One of my favorites is a stout paired with blue cheese. You can use various cheeses like gorgonzola dolce; Neal's Yard Colston Bassett Stilton is also really amazing. Blue cheese and stout is not a pairing that would strike you as something that works -- yet they just harmonize incredibly and create a completely distinct flavor that is awesome. The goal of any pairing should be to take two elements and create something greater than the sum of their parts.

credits:"Brooklyn Brewery"

Speaking of unlikely pairings, what is the most peculiar beer you have worked with?

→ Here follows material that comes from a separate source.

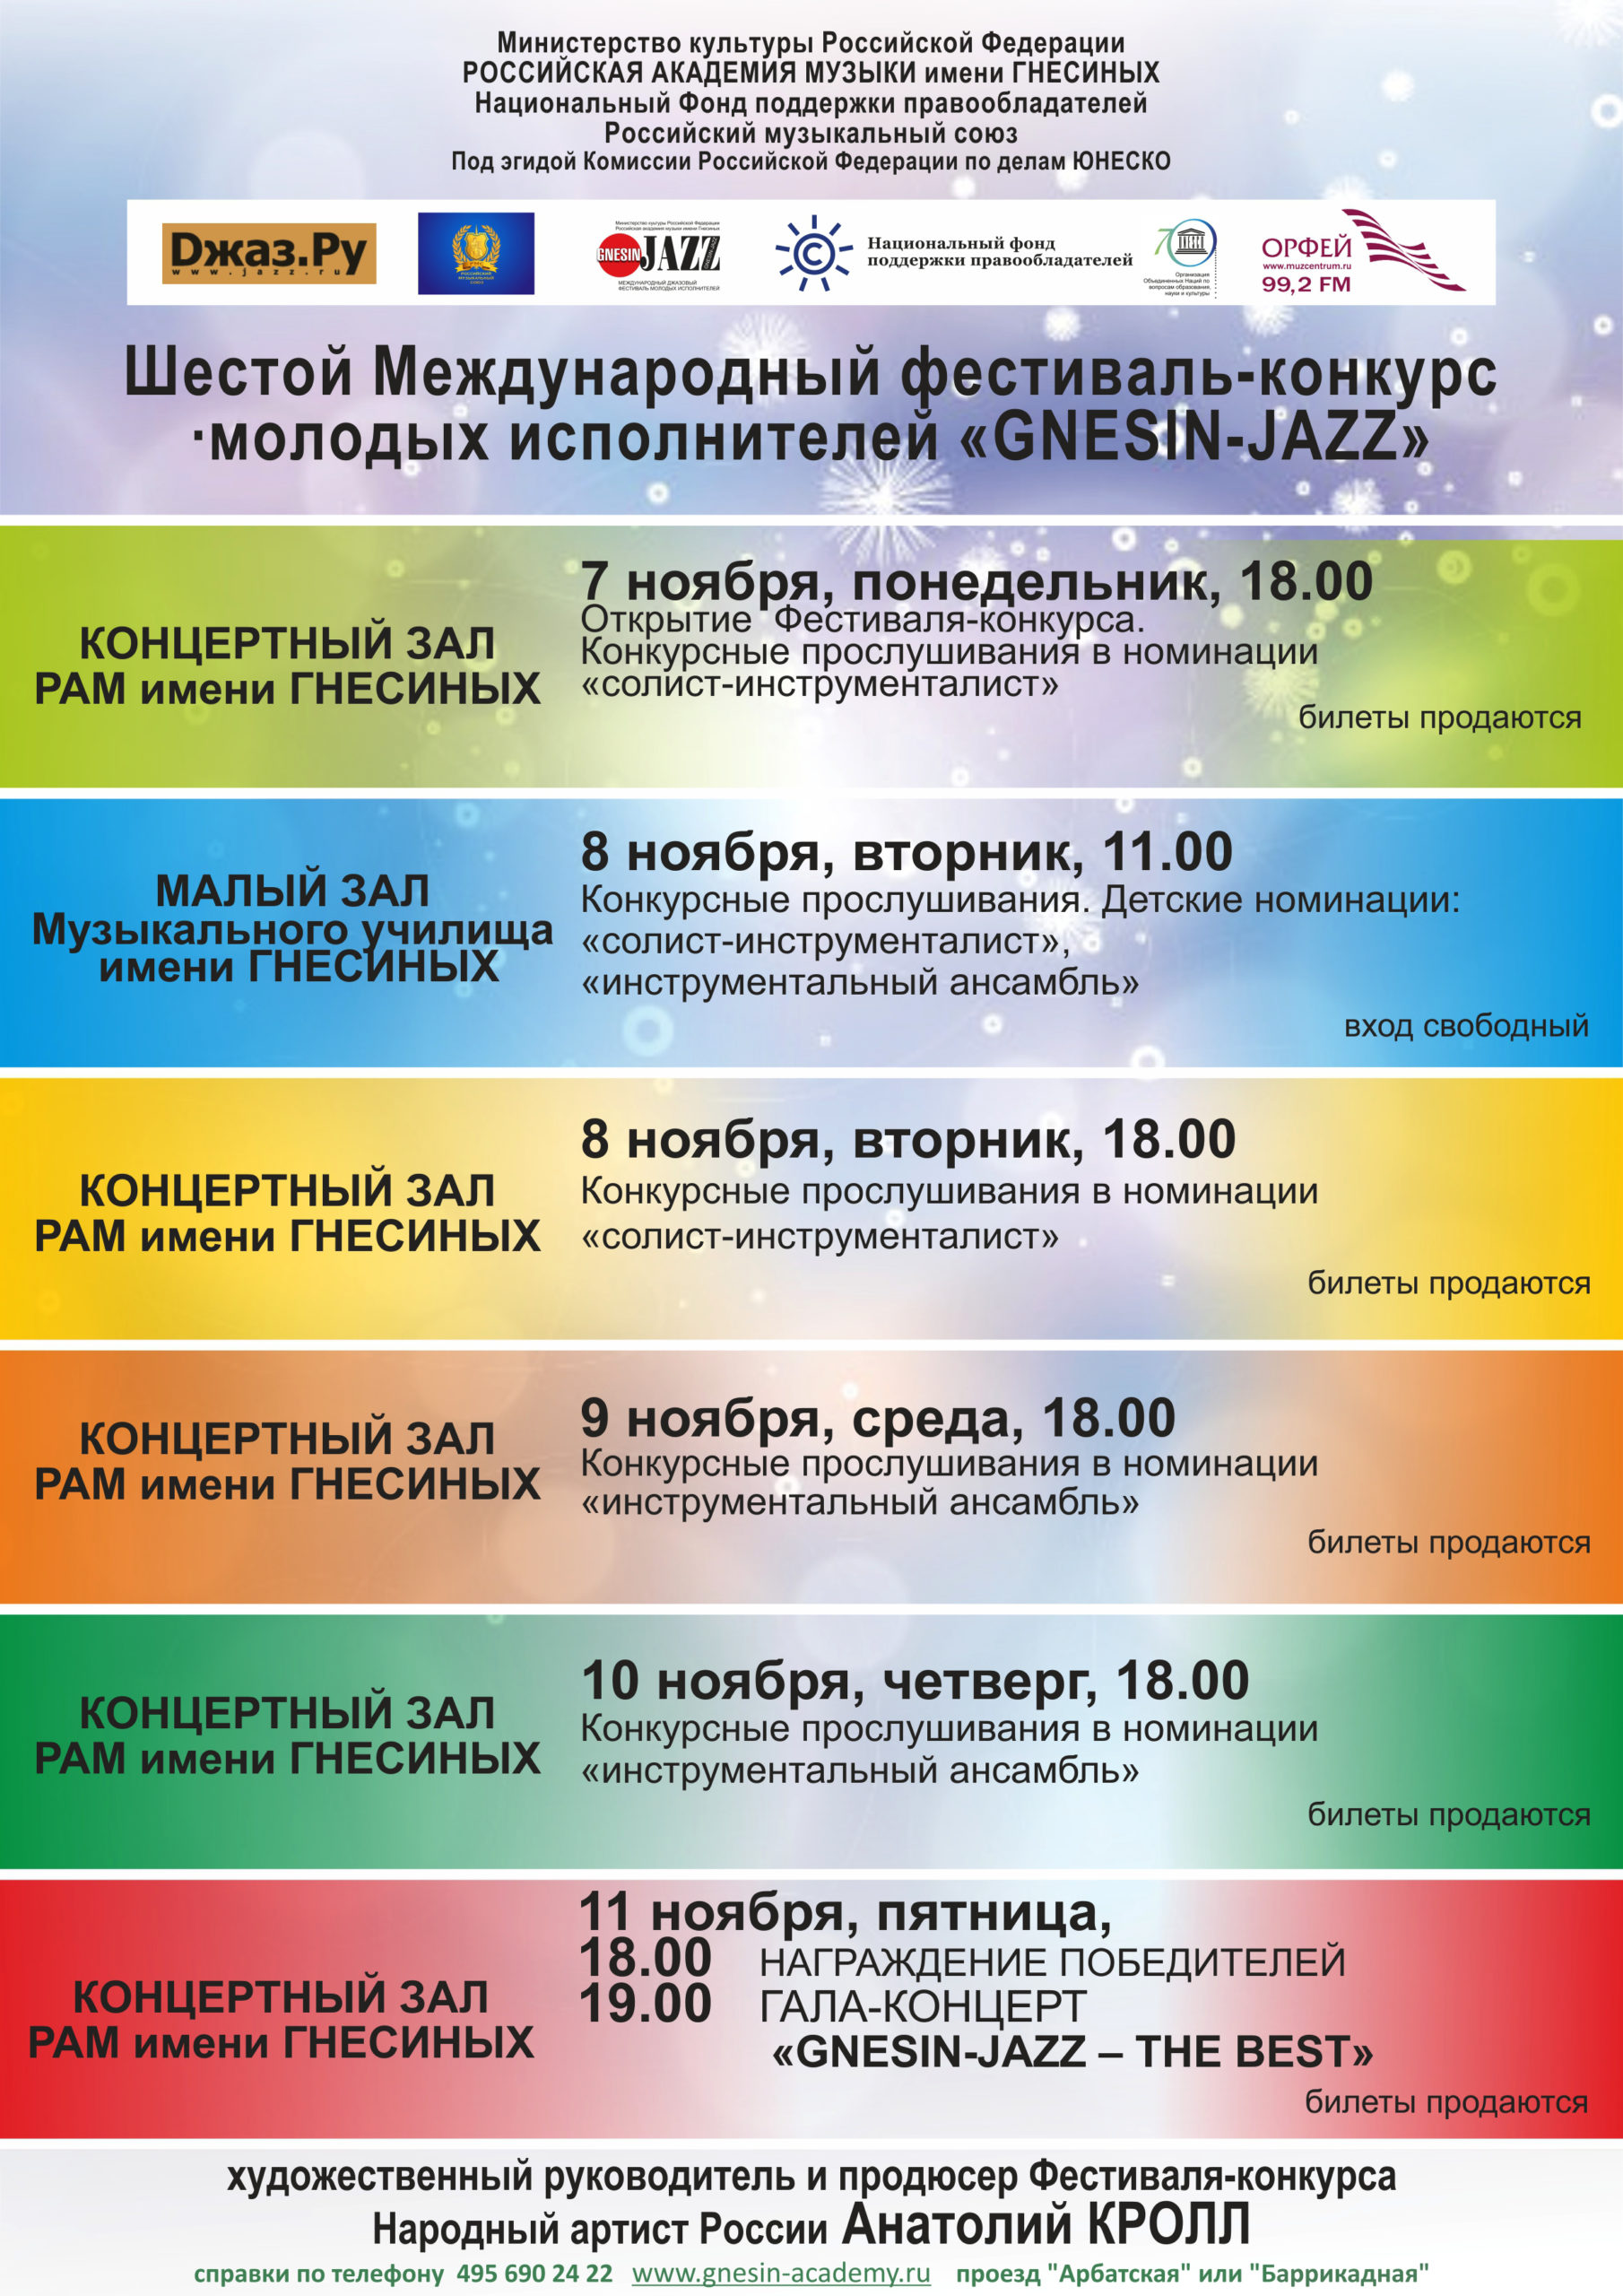 Фестиваль-конкурс «Gnesin-Jazz» пройдет при поддержке НФПП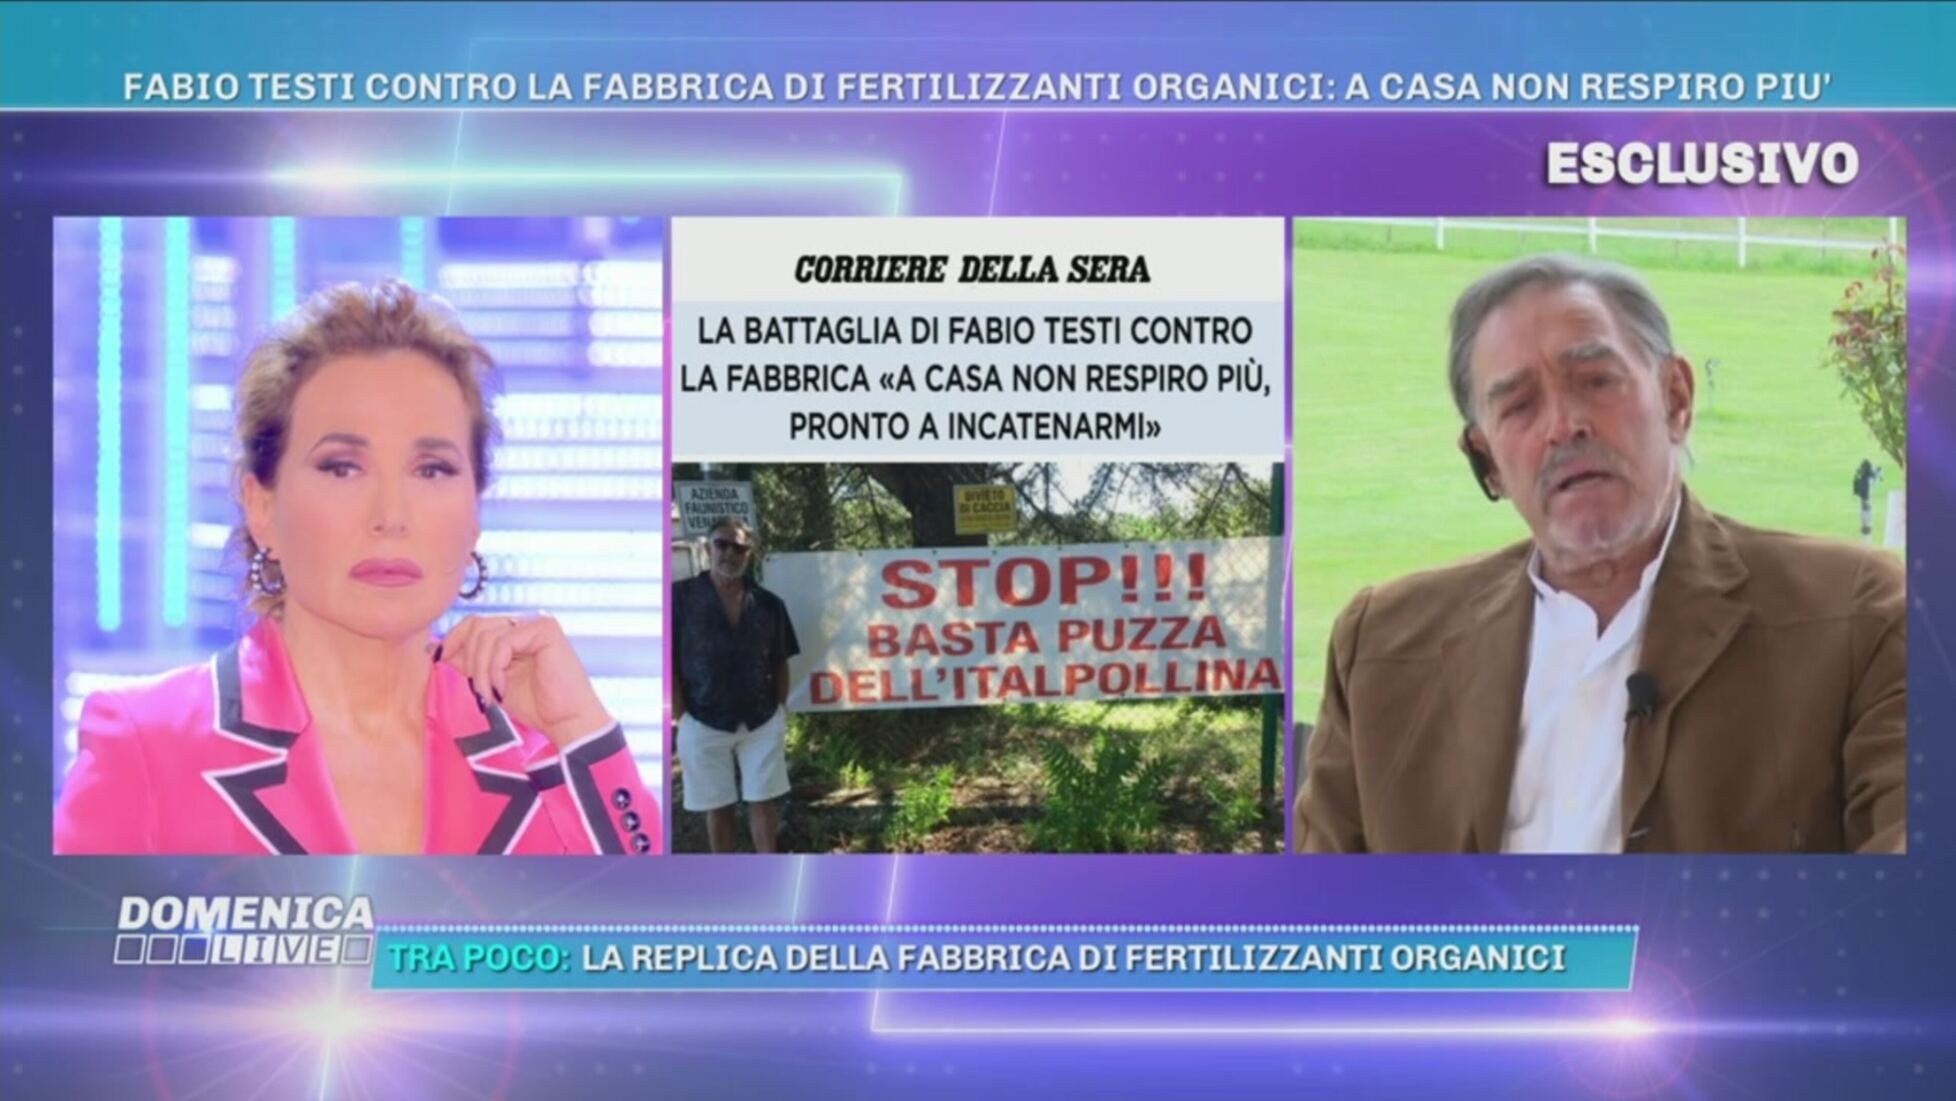 Fabio Testi a Domenica Live: "La situazione è grave"

I’m not a fan of licorice, but we just did a triple Belgian brewed with licorice root, and I paired it with a whole roasted pig. It was incredible. Another surprising ingredient to pair with beer is uni. Uni works really nicely with a Saison. You get these light crisp aromatic flavors from the beer that is nuanced enough to not overpower the delicacy of the urchin, but it picks up on the sweetness and allows the briny nature to come through. High levels of effervescence elevate the subtle seafood notes, while cutting through the decadent richness of urchin. Saison and oysters are amazing as well.

On the flip side, are there any common challenges you run into when pairing beer with food?

I honestly don’t find that many challenges. I find pairing food with beer relatively easy. The greater challenge is changing people’s notions of beer’s ability to pair with food. As much as I think the palate has changed and evolved, beer is still looking for its place at the dinner table, specifically in the fine dining realm. Getting guests to come out to experience these things is a challenge. Although once they do, they get it and they’re hooked. You do see places where beer is shining, but few fine dining, high-end restaurants are as dedicated to their beer lists as to their wine or liquor lists. So I hope that we can bring beer back to its rightful place.